There are a range of factors which can put you at an increased risk of developing gum disease. There are a strong genetic factor, so if your parents have experienced gum disease, then try to take extra care of your teeth. If you have an especially sugary or acidic diet, then this can often contribute to the formation of plaque. An unhealthy diet can also increase your susceptibility to infections in general. There is a higher prevalence of gum disease in women, and often the hormonal changes experienced during puberty may cause girls' gums to become more susceptible to irritation.

One of the most common causes of gum problems however is tobacco. Smoking not only leads to increased staining from brown nicotine deposits but can also contribute to gum disease. This includes 'smokeless' tobacco products such as chewing tobacco.

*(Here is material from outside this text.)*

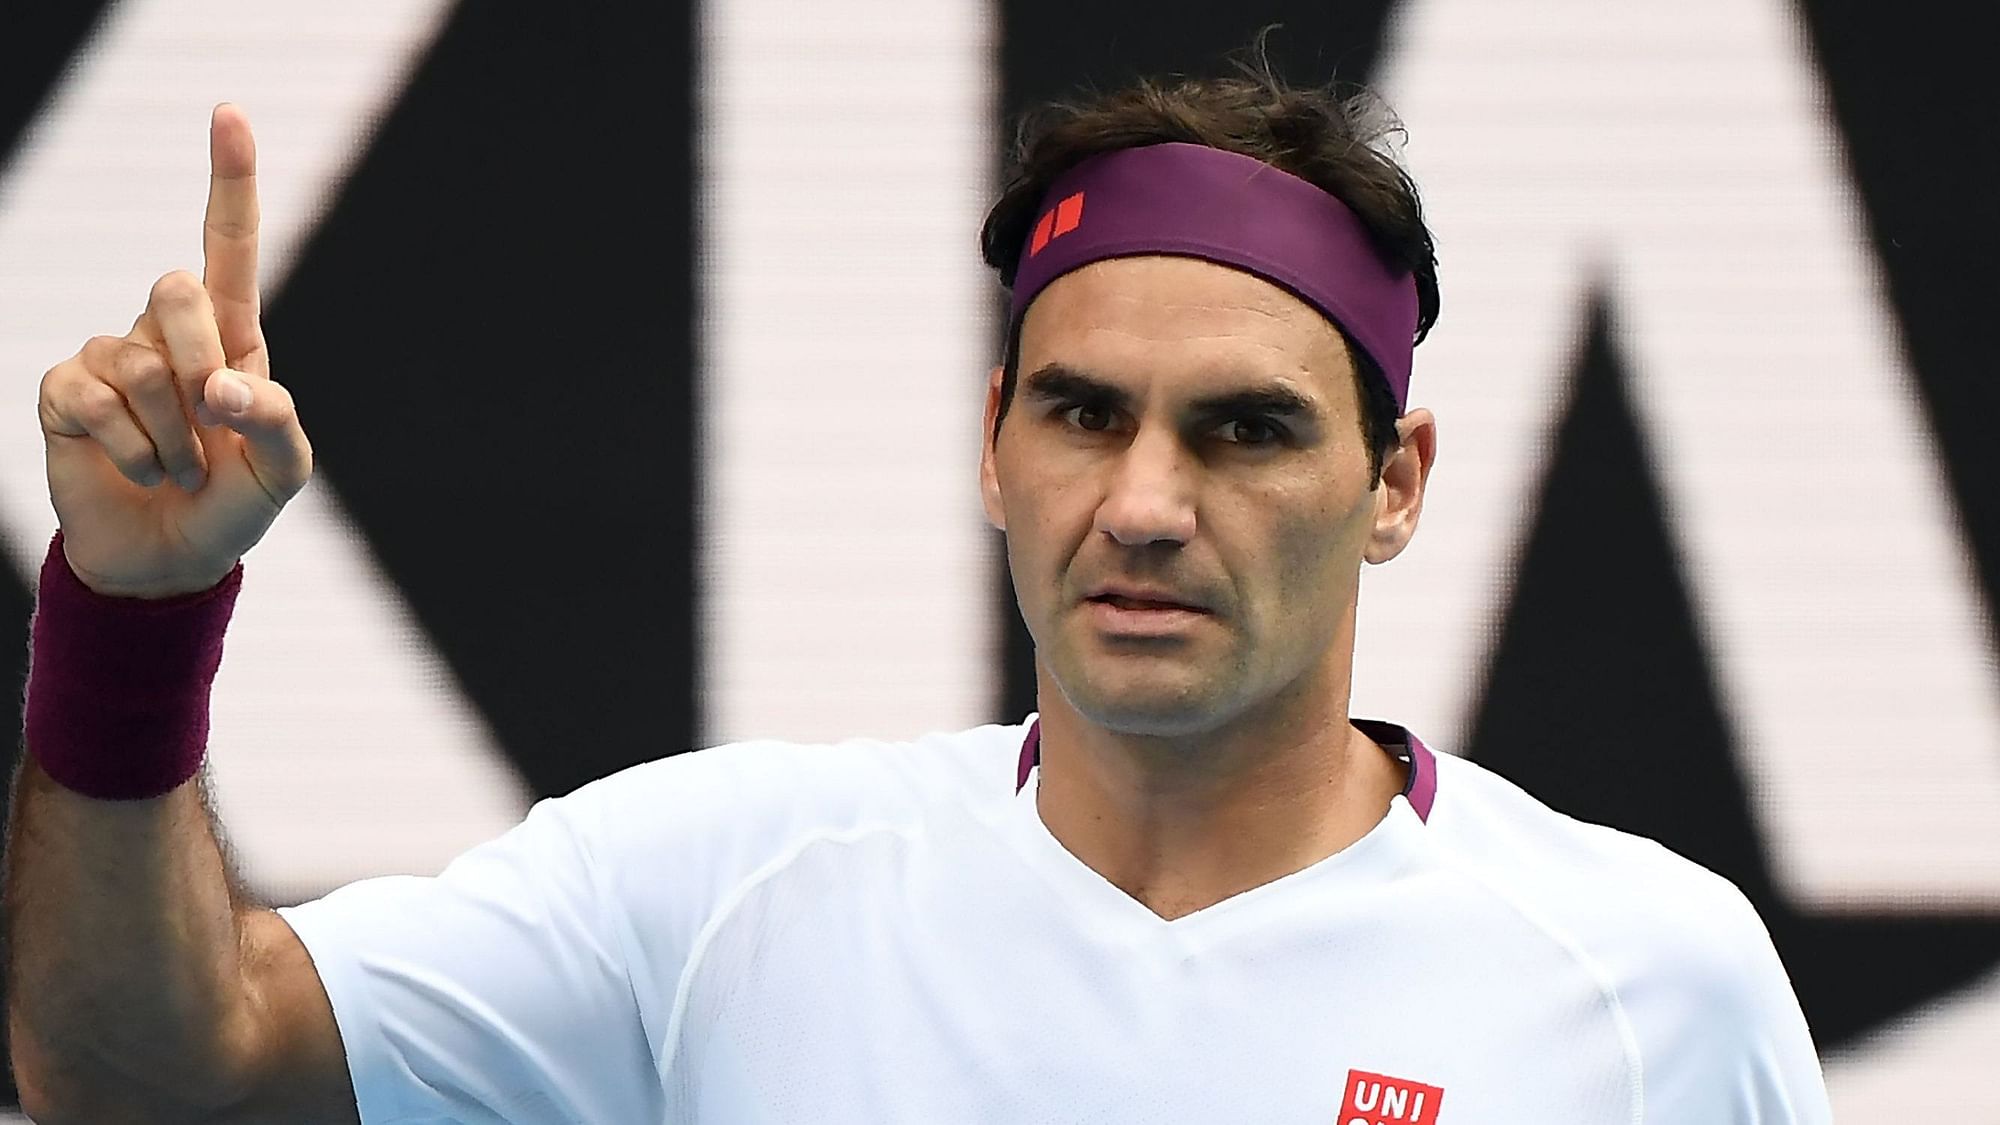 Roger Federer has announced he will be out of action for the rest of the 2020 season after undergoing surgery on his right knee.
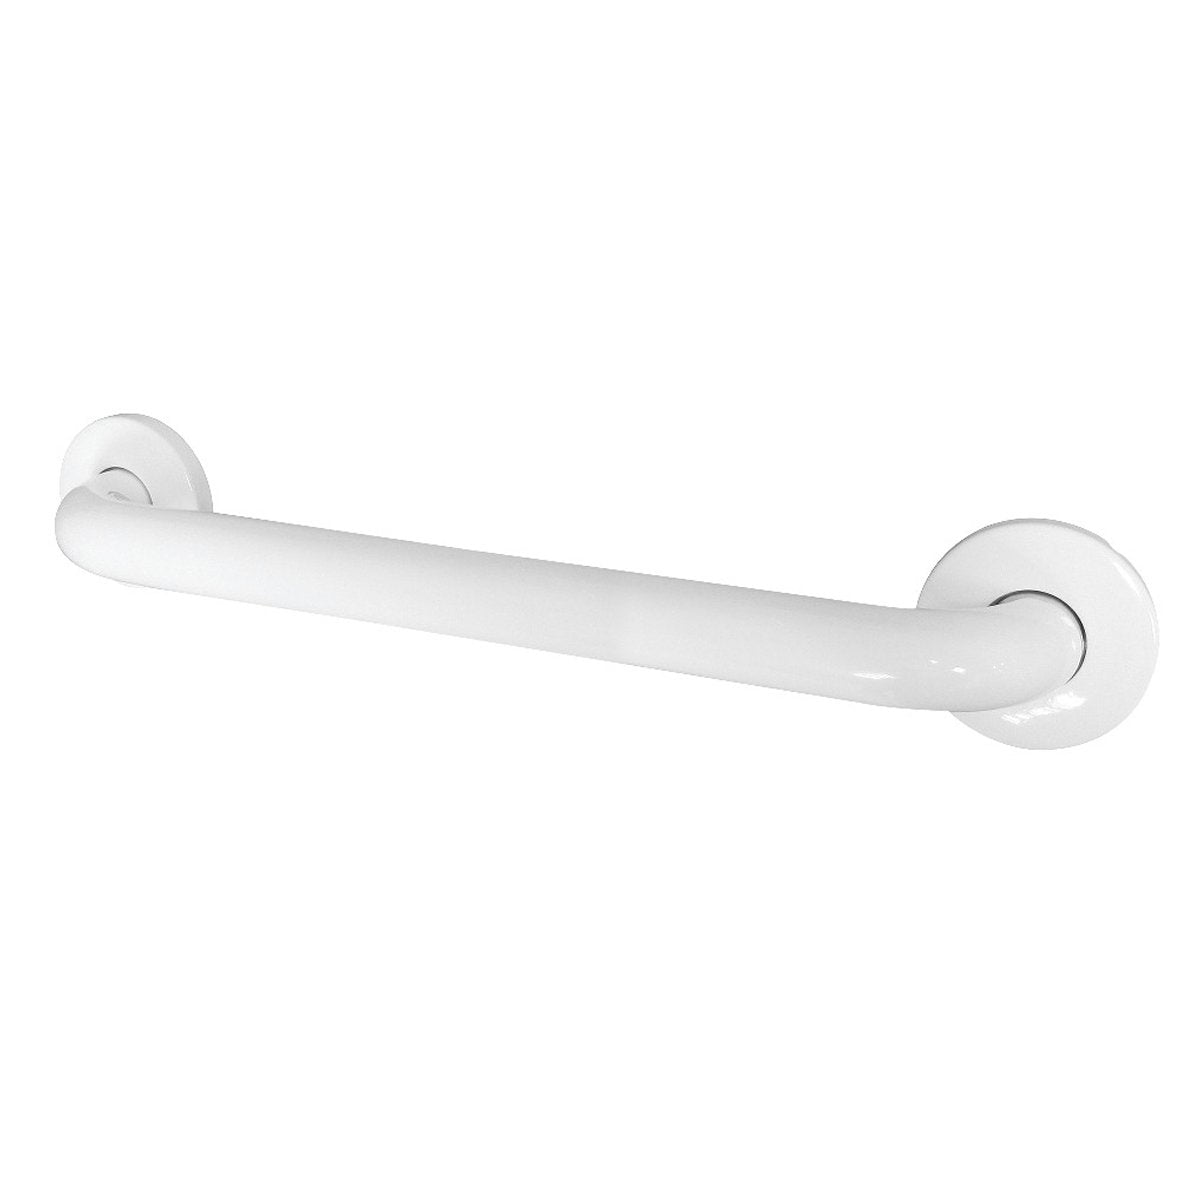 Kingston Brass GB1418CSW Made To Match 18-Inch Stainless Steel Grab Bar in White

There are varying degrees of gum disease, with the mildest form being gingivitis. If you do not regularly clean the plaque from your teeth and gums, it may harden into calculus, which is much harder to remove by brushing alone. Calculus, also known as tartar can attack the gum tissue causing a severe form of gum disease known as periodontitis. With this form of gum disease, your gums become weaker and allow bacteria to form, causing even more damage. If left unchecked this can even spread to the nearby bone structures and even cause tooth loss as well as bleeding.

Fortunately, there are a range of procedures your dentist can carry out to treat gum disease in all its stages. However, prevention is always better than the cure, so make sure to brush your teeth at least twice a day for two minutes and floss every time you brush. There are also a range of dental products on the market that can help combat the formation of plaque and calculus such as specialised mouthwashes.